There was nothing dramatic about it. Cheap metal. Black stem. Red safety cover. The kind of part he had pulled out of obsolete industrial equipment because good switches deserved second lives.
Nib's voice crackled through again.
Not clear.
Not steady.
Just his name, broken at the edges.
Wayne did not know whether he was answering her or warning himself.
"Wait for it."
Then he flipped the switch up.
In Nib's earpiece, it probably sounded like a click.
She went silent.
Wayne pressed the button.
Service Hub 14 forgot what it was for.
Every camera in the west hall turned at once. Not toward intruders. Toward each other. Lens to lens, a hallway full of machines suddenly watching themselves fail.

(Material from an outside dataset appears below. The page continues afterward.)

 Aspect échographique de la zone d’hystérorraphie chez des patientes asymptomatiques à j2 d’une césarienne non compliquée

The live feeds vanished under a face from an old pirate broadcast archive, all teeth and static and artificial cheer. It smiled across twelve security monitors at once and began talking in a voice Wayne had not bothered to sync.
Good.
Let Crownline hate the aesthetics.
Automated doors opened in the wrong order. One slammed shut on an empty cart. Another unlocked a janitorial corridor that had not been on any approved route since before Wayne's brief and regrettable employment.

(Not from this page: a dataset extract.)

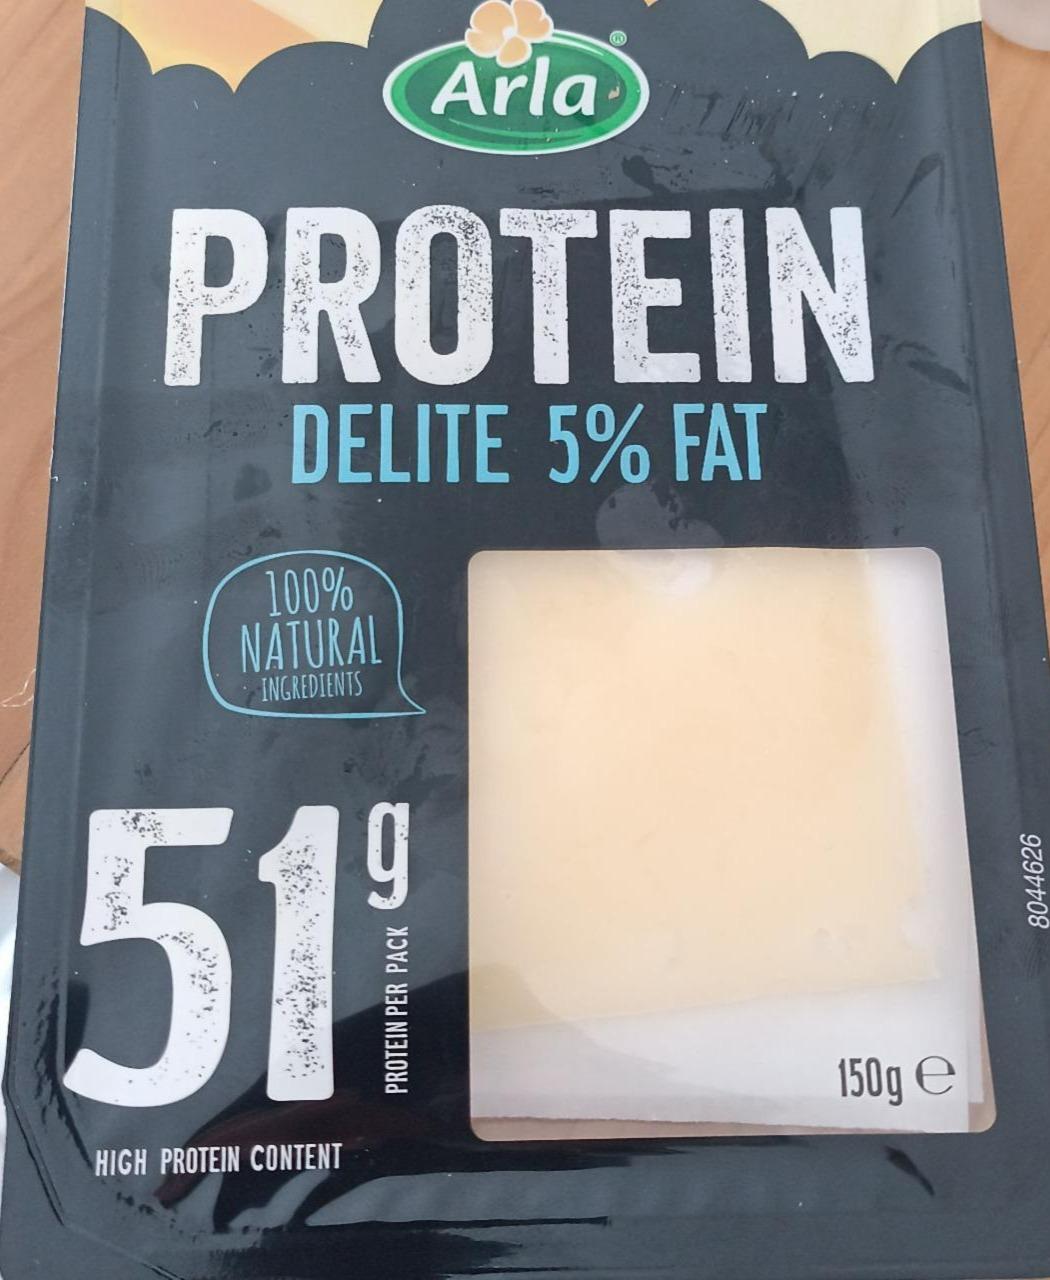 Fotografie - Protein Delite 5% fat Arla

Calm voices filled the annex.
Fire event in progress.
Unauthorized access in progress.
Shelter in place.
Evacuate immediately.
Remain where you are.
Proceed to nearest marked exit.
Do not use marked exits.
The building argued with itself.
Then the server-room sprinklers activated.
That was excessive.
Also necessary.
Water hit the systems Crownline trusted most.
Power stuttered once.
Twice.
Then dropped in sections.
Nib's beacon vanished.
Wayne did not move.
Three seconds.
Four.
Five.
Nothing.
His hand closed around the edge of the console hard enough to make old plastic complain.
"Nib?"
Static.
"Nib."
The beacon snapped back near the south service stairwell.
Moving.
Too slow.
The comm line was collapsing into hiss and broken signal, but Wayne leaned toward it anyway.
"Nib... skrit."
His voice came out wrong.
Not Common.
Goblin.
Half his blood. Half his father. The half Adyta had never known what to do with except register, mistrust, or use. His father's Goblin, dragged through the hard edges of the language he had been born hearing before Adyta. Low. Rough. Too much r in it. Too much worry.
"Skrit. Ska."
Run.
Run now.
Maybe she heard him.
Maybe she heard only static.
Maybe she heard enough to know he had stopped pretending this was only about Crownline.
The firewall collapsed.
Not because Crownline finally beat it.
Because the cascade told it to stop pretending.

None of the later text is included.